▸ What is needed
Quote the whole listing exactly. Leave the pictures out of your copy.

▸ Dataset section
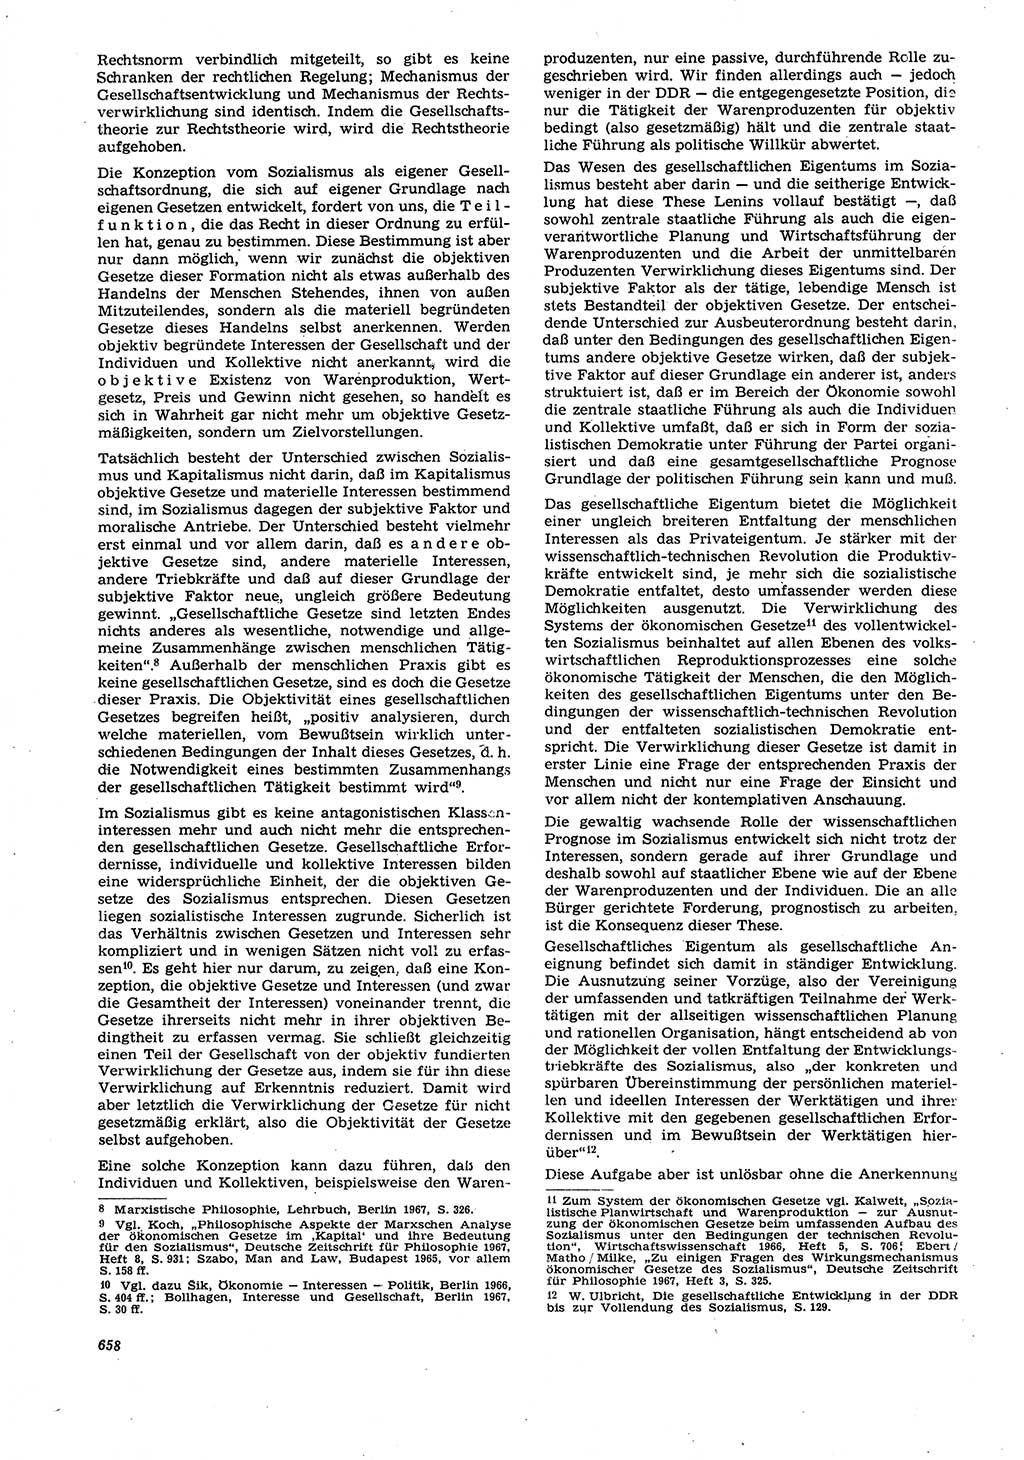 Neue Justiz (NJ), Zeitschrift für Recht und Rechtswissenschaft [Deutsche Demokratische Republik (DDR)], 21. Jahrgang 1967, Seite 658 (NJ DDR 1967, S. 658)
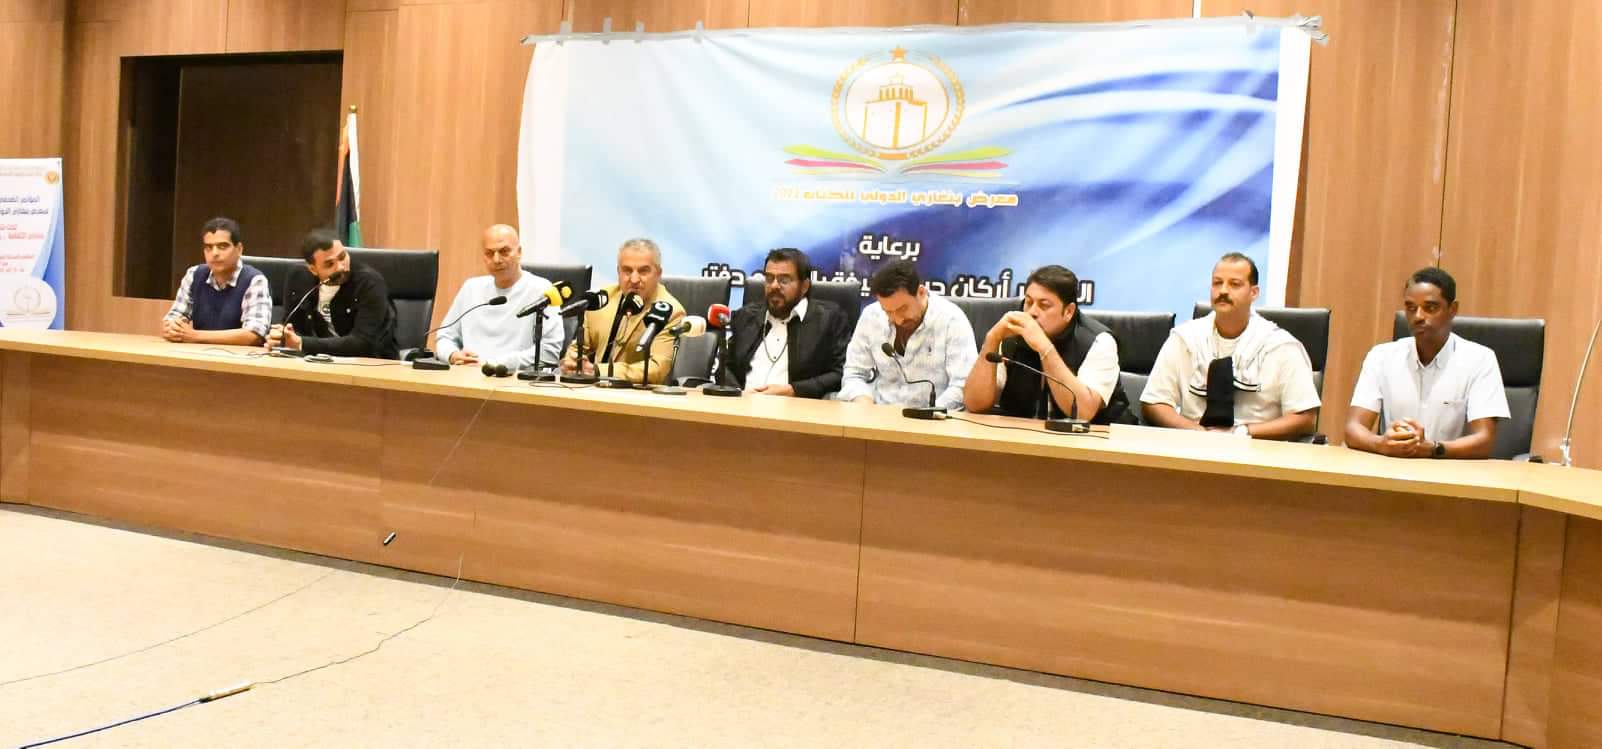 وال| فريق عمل الفيلم العربي (ما قبل النهاية) يعقد مؤتمراً صحفياً في بنغازي
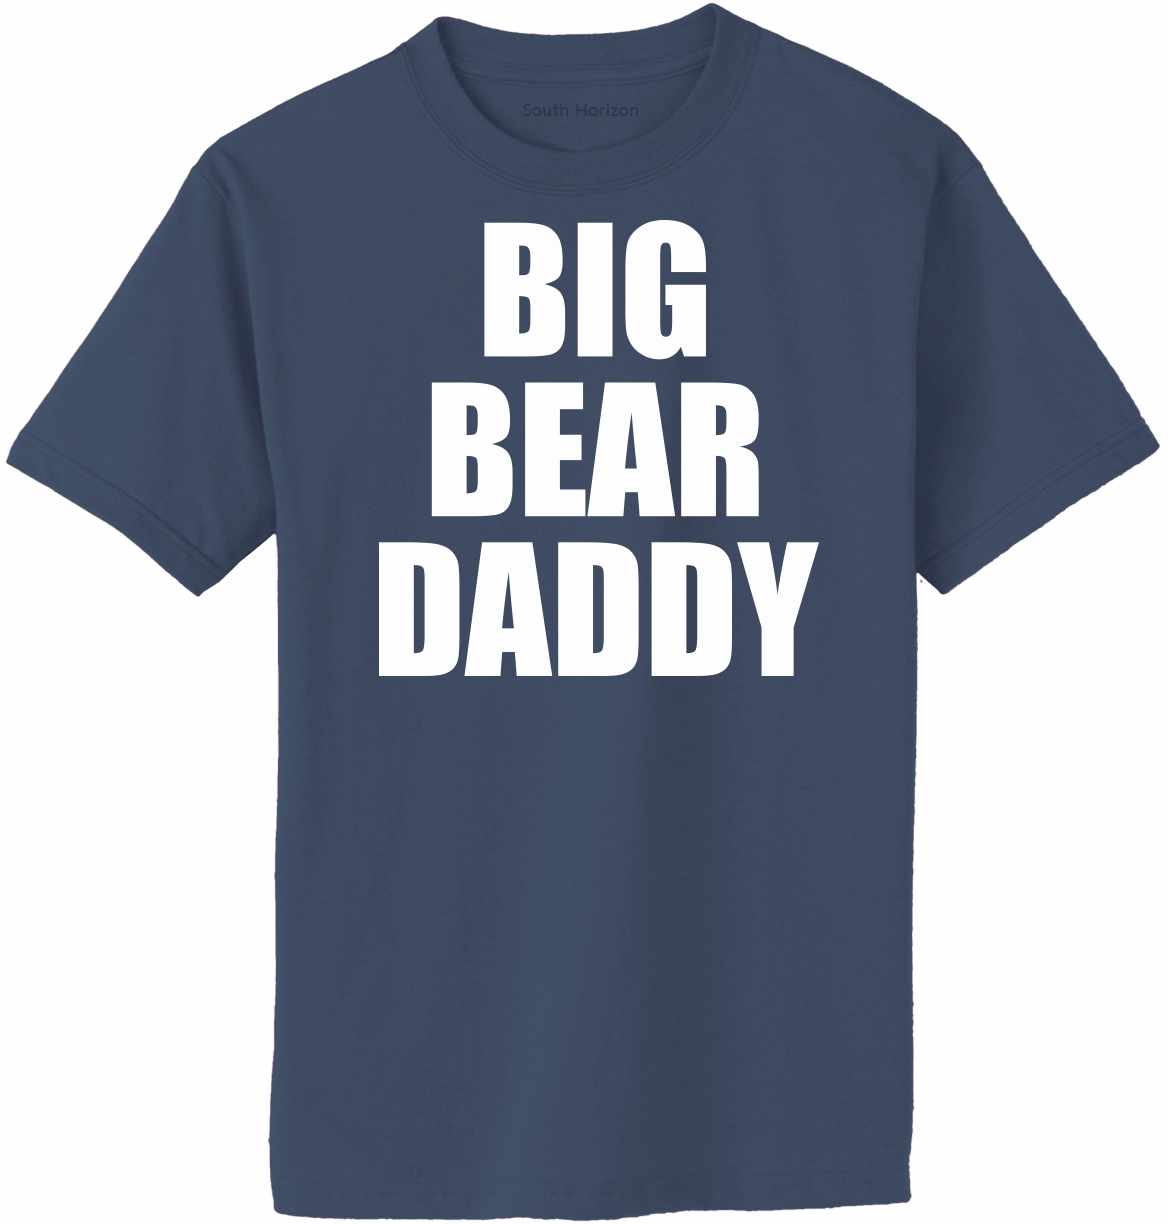 Big Bear Daddy on Adult T-Shirt

▸ Response to this exercise
 Neue Justiz (NJ), Zeitschrift für Recht und Rechtswissenschaft [Deutsche Demokratische Republik (DDR)], 21. Jahrgang 1967, Seite 658 (NJ DDR 1967, S. 658)
 وال| فريق عمل الفيلم العربي (ما قبل النهاية) يعقد مؤتمراً صحفياً في بنغازي
 Big Bear Daddy on Adult T-Shirt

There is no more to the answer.